GIVEN INFORMATION:
--------------------------------------------------

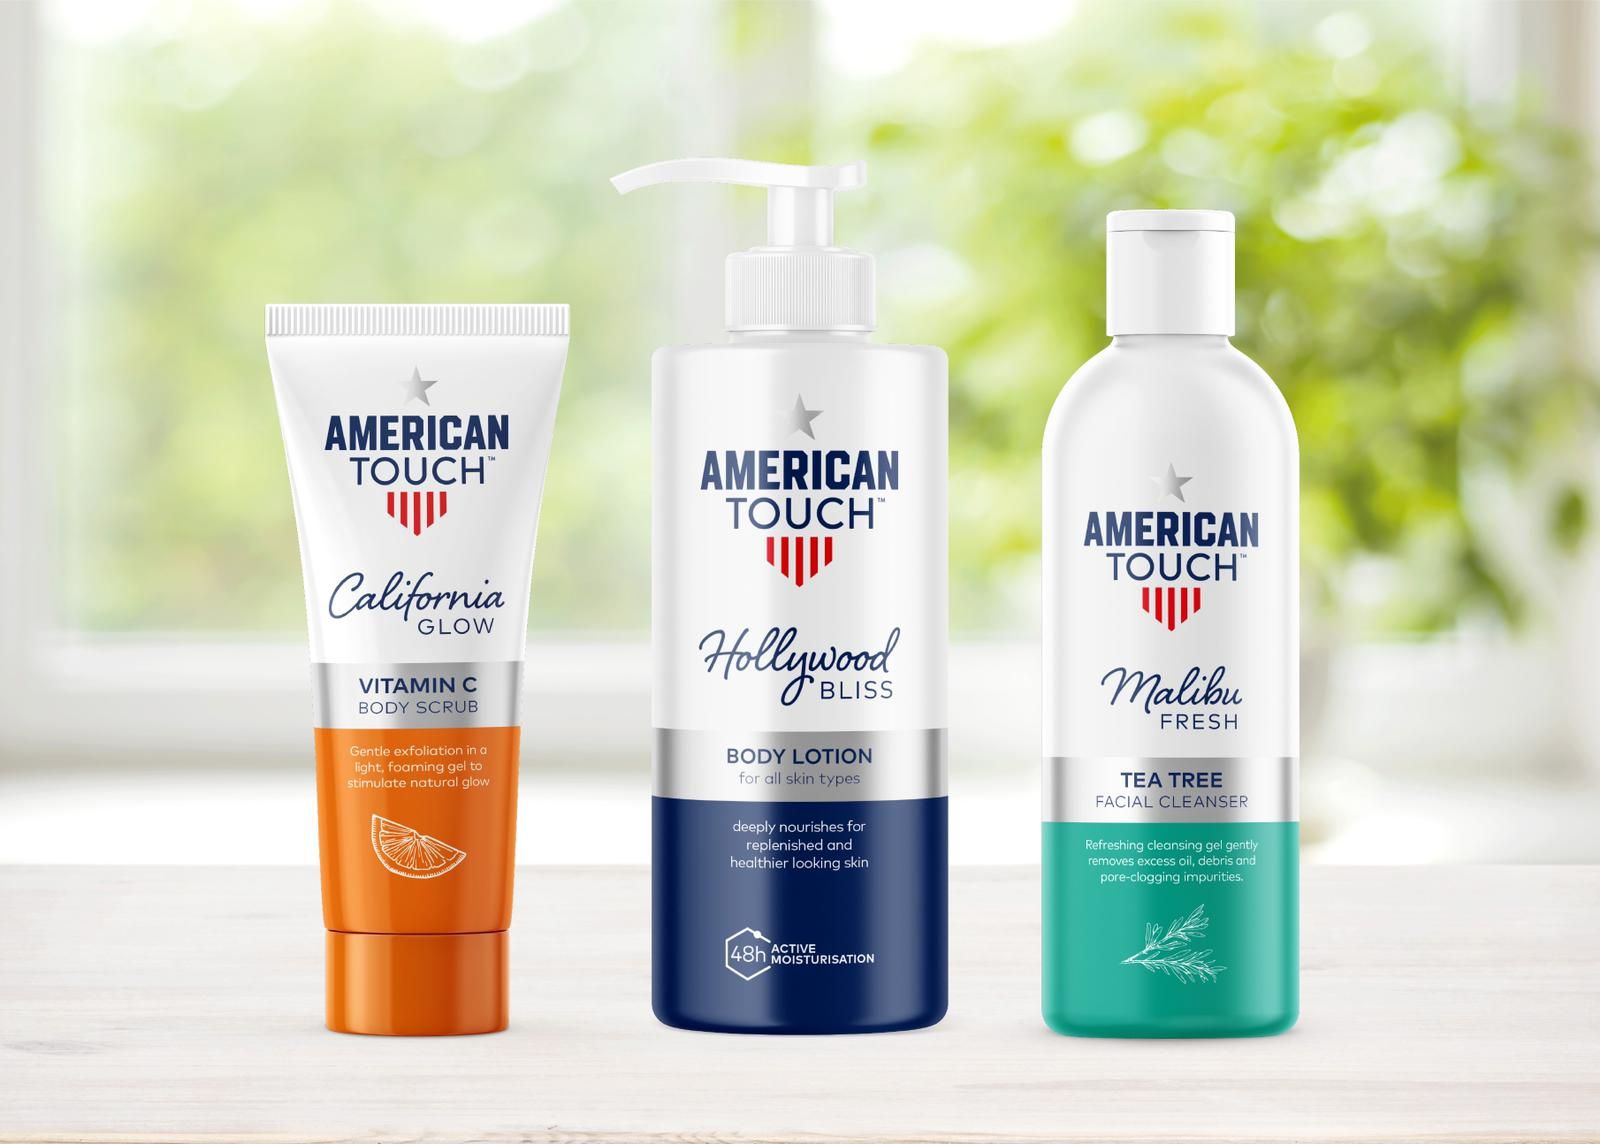 AMERICAN TOUCH BODY LOTION
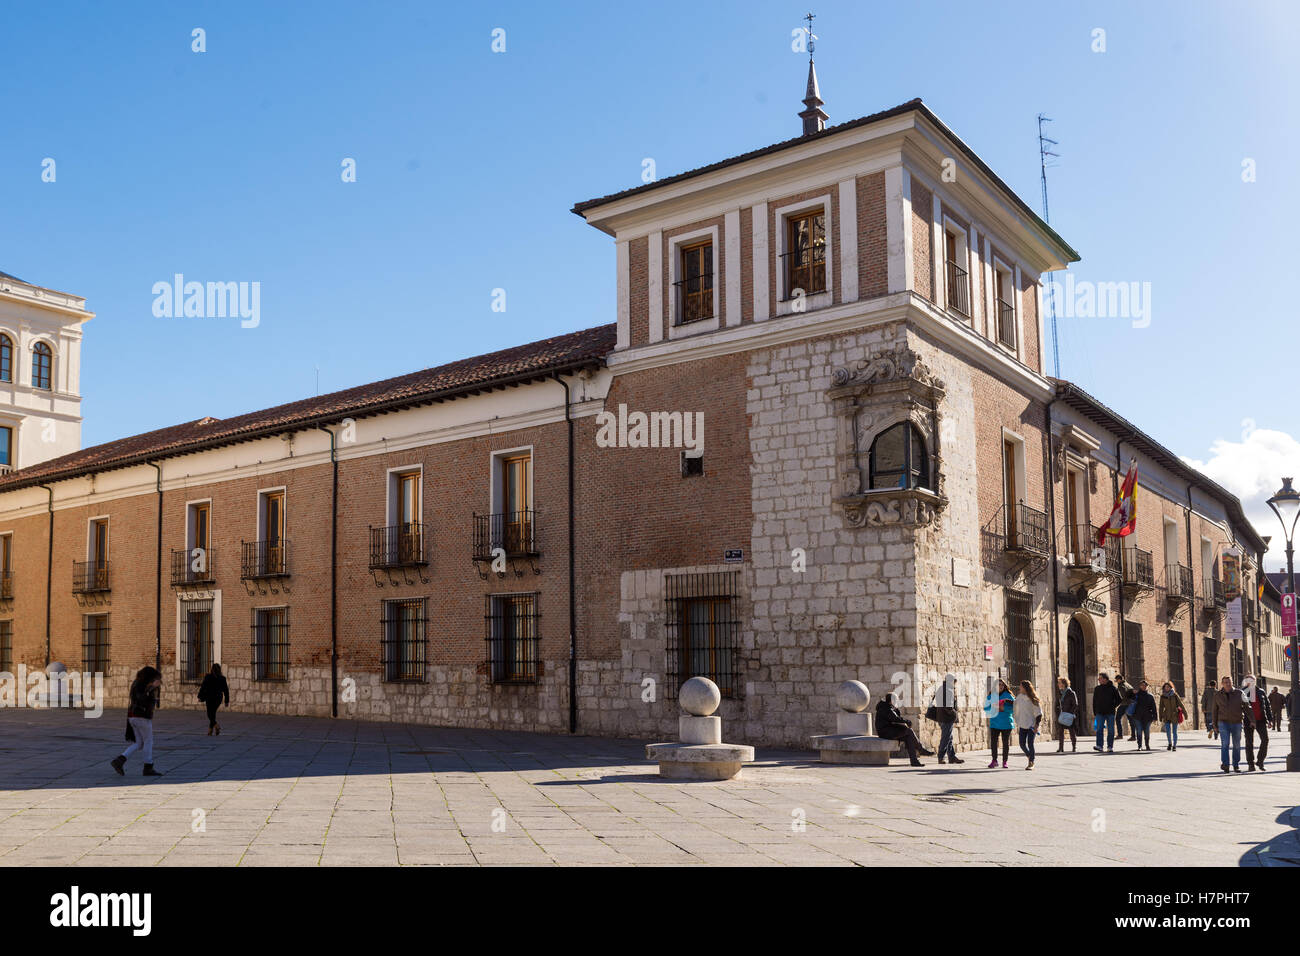 VALLADOLID, SPAIN - NOVEMBER 7, 2016: Valladolid Pimentel Palace. Birthplace of King Philip II. Example of palatial architecture Stock Photo
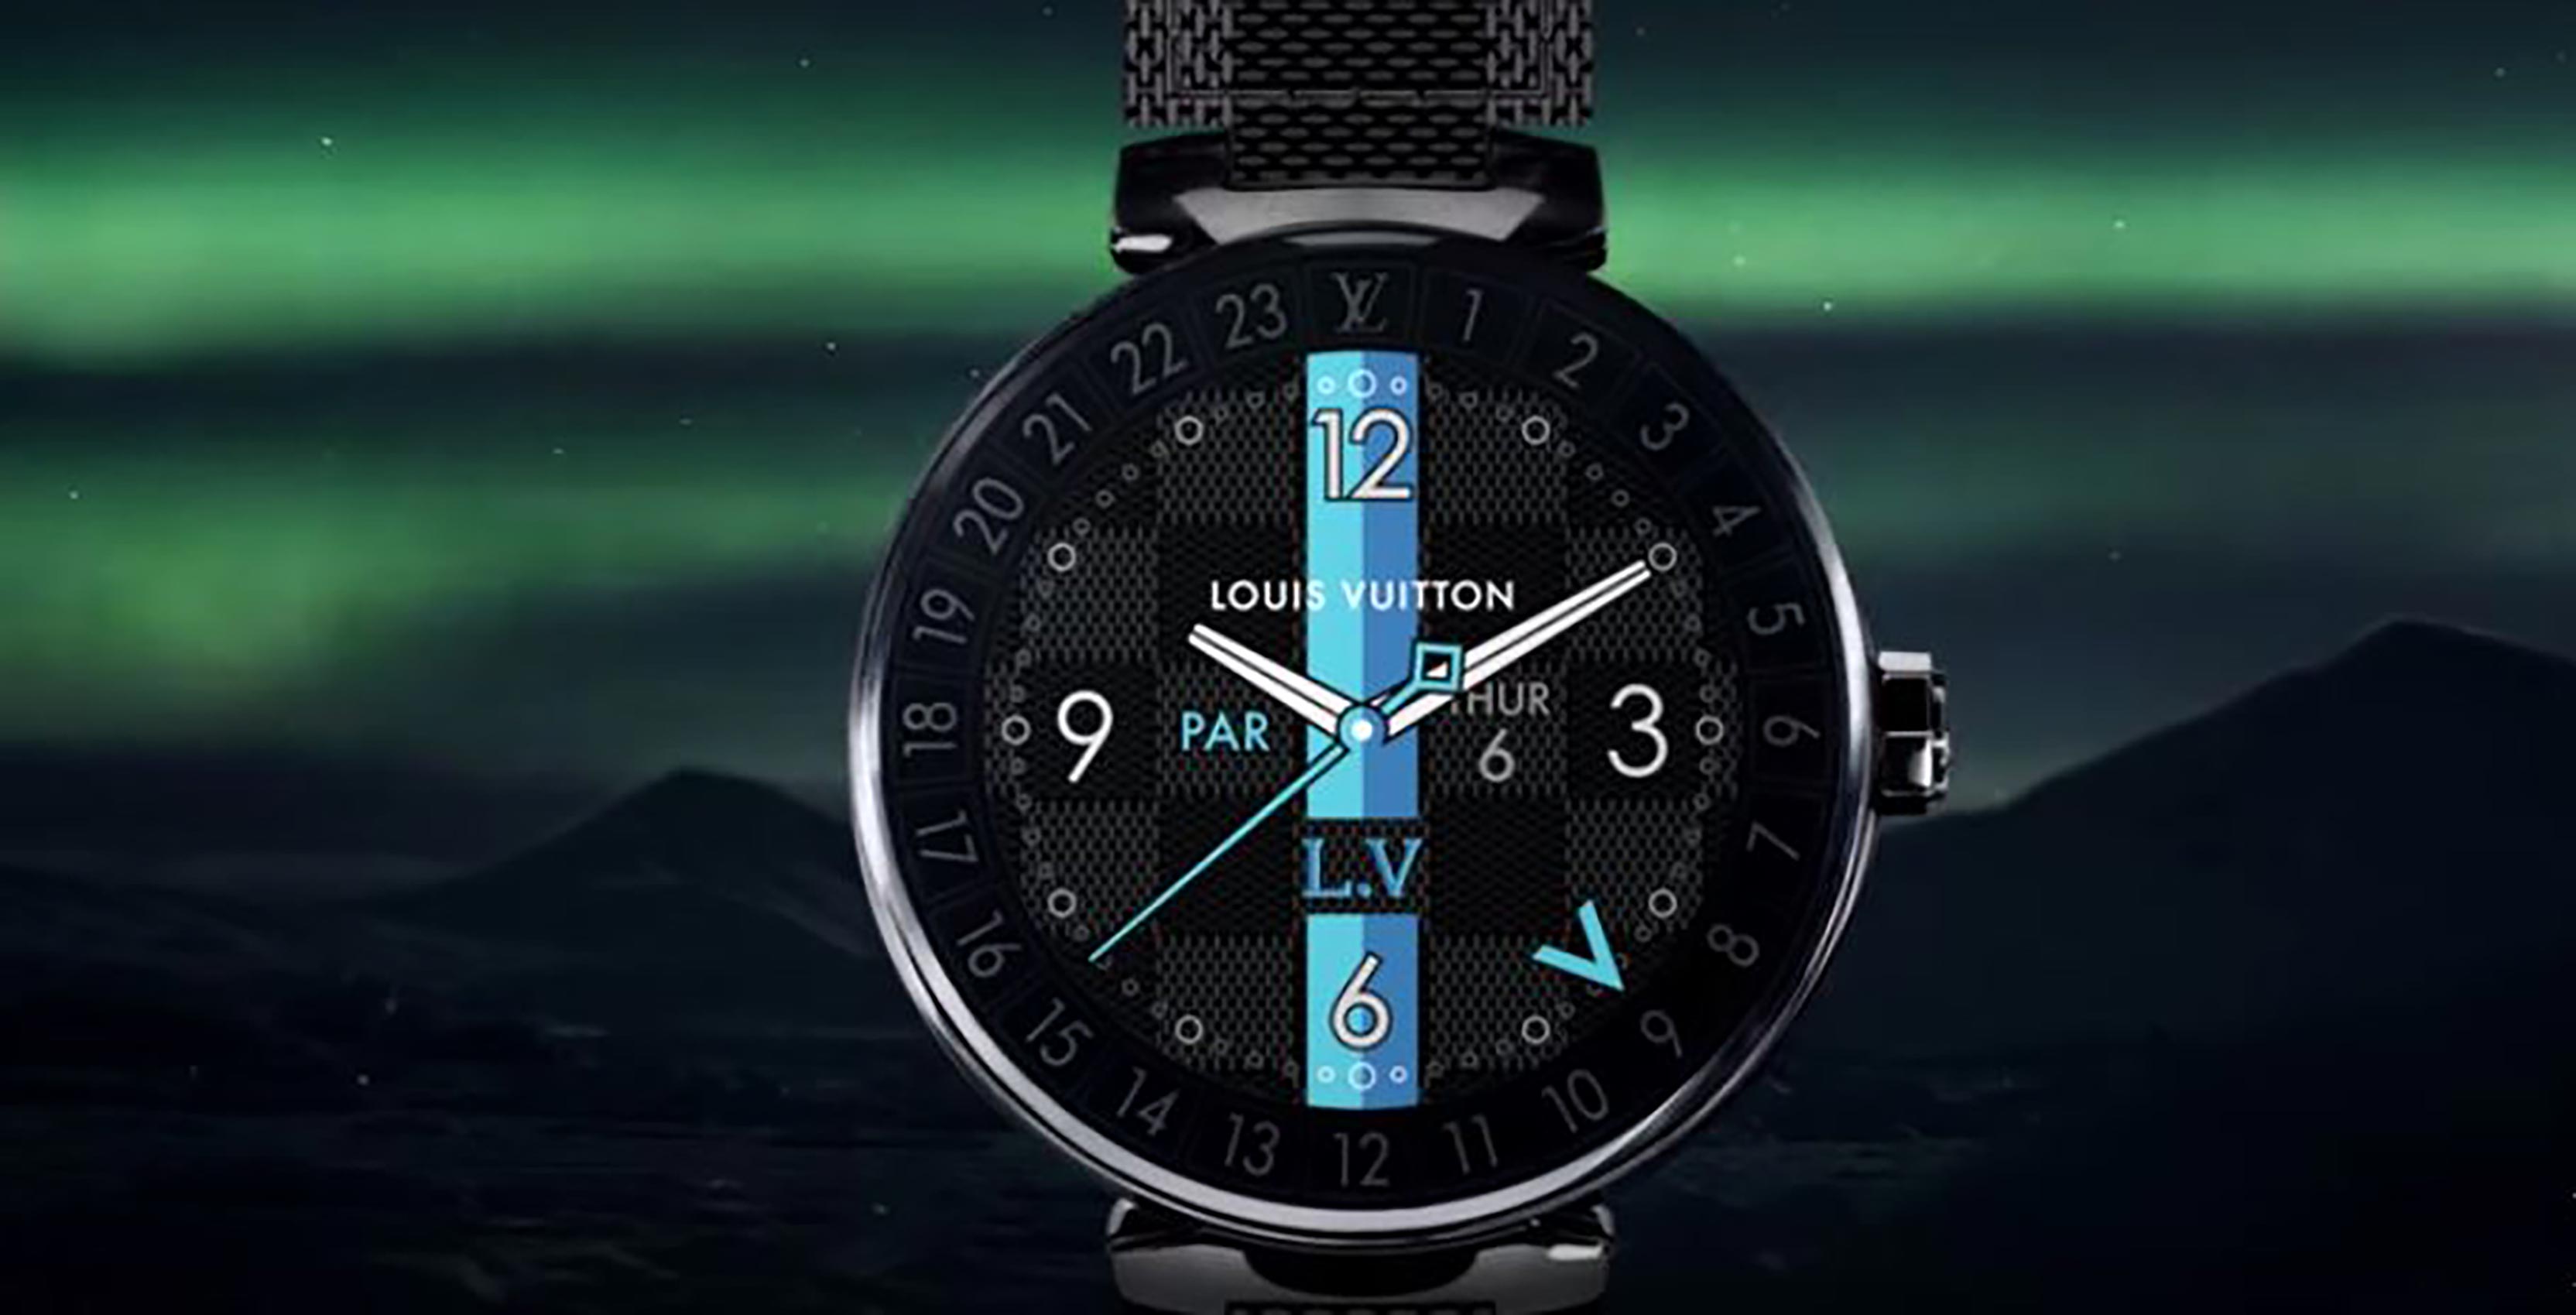 Louis Vuitton&#39;s Tambour Horizon smartwatch launches with $3,850 price tag | MobileSyrup

--------------------------------------------------

TASK DETAILS: Repeat each line above exactly as it reads, omitting any pictures.

EXERCISE OUTPUT:
 AMERICAN TOUCH BODY LOTION
 VALLADOLID, SPAIN - NOVEMBER 7, 2016: Valladolid Pimentel Palace. Birthplace of King Philip II. Example of palatial architecture Stock Photo
 Louis Vuitton&#39;s Tambour Horizon smartwatch launches with $3,850 price tag | MobileSyrup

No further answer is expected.